[COLLECTED DATA]
----

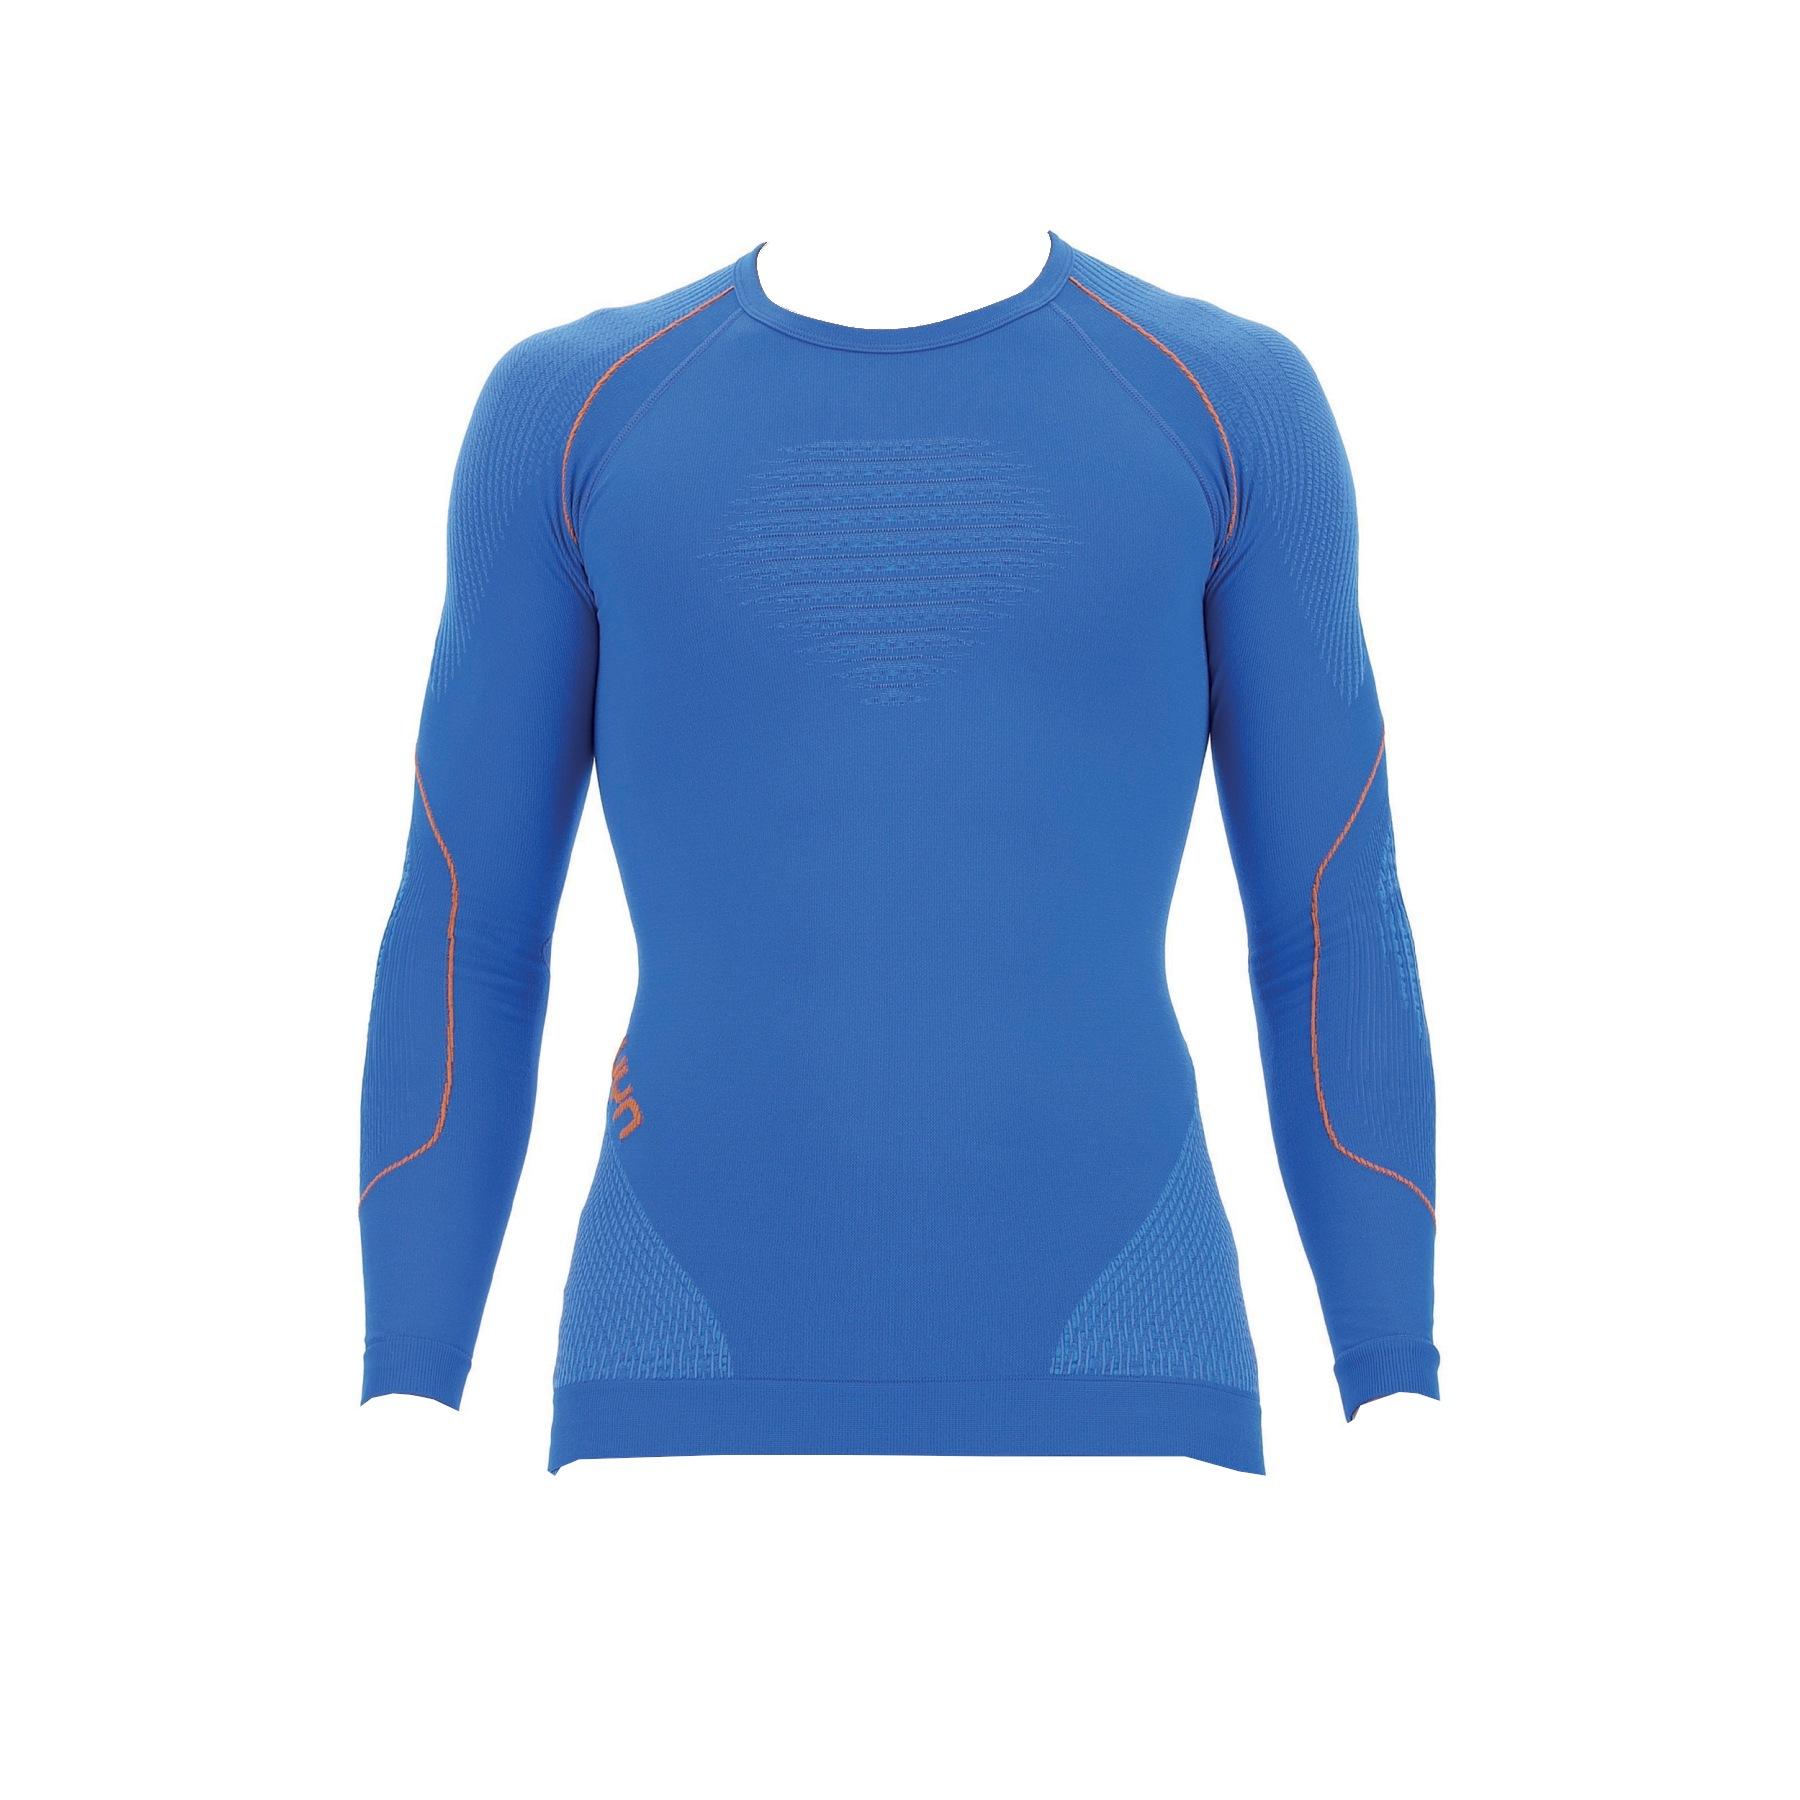 UYN Evolutyon Longsleeve Shirt - Lapis Blue/Blue/Orange Shiny
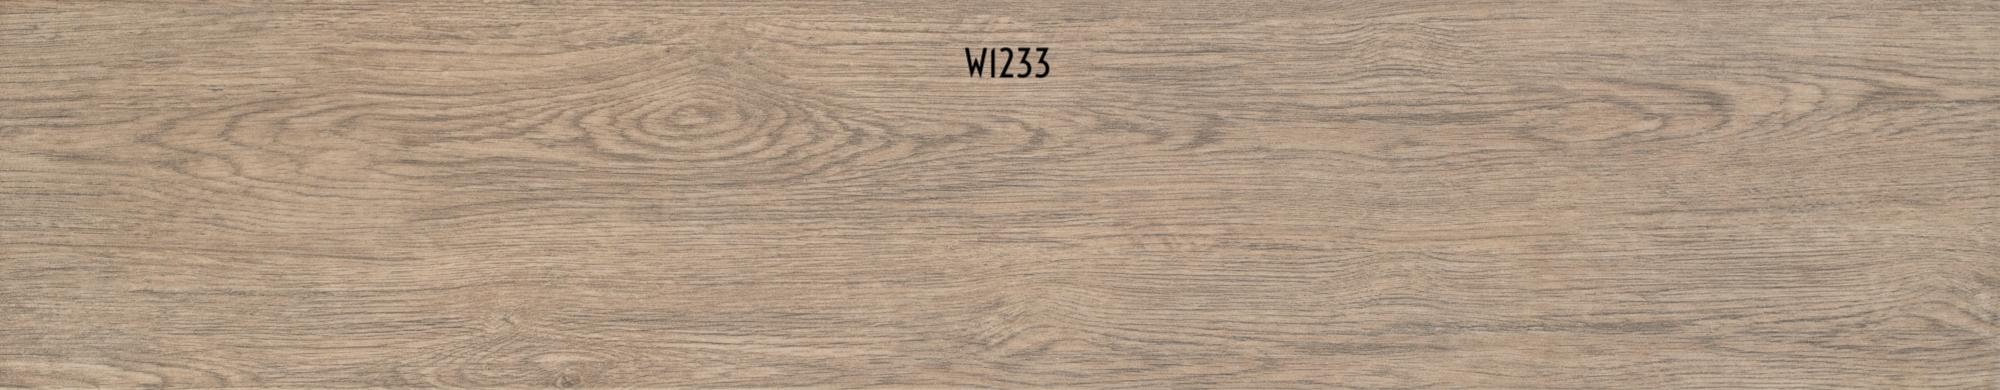 W1233
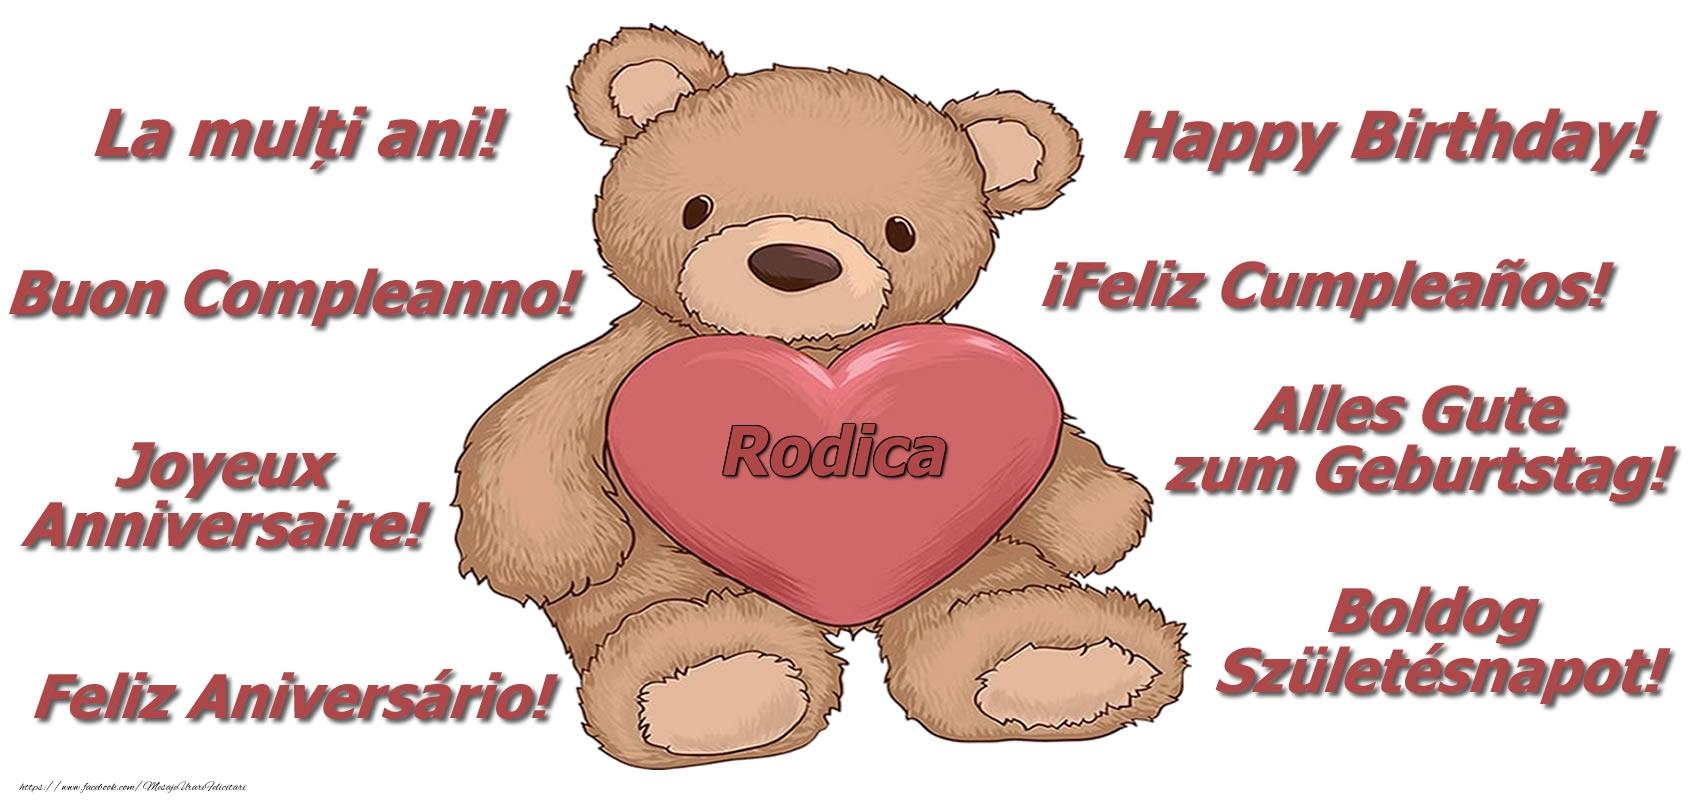 Felicitari de zi de nastere - La multi ani Rodica! - Ursulet

----

Leaving the pictures out, output all of the listing exactly.

[REPLY]
 UYN Evolutyon Longsleeve Shirt - Lapis Blue/Blue/Orange Shiny
 W1233
 Felicitari de zi de nastere - La multi ani Rodica! - Ursulet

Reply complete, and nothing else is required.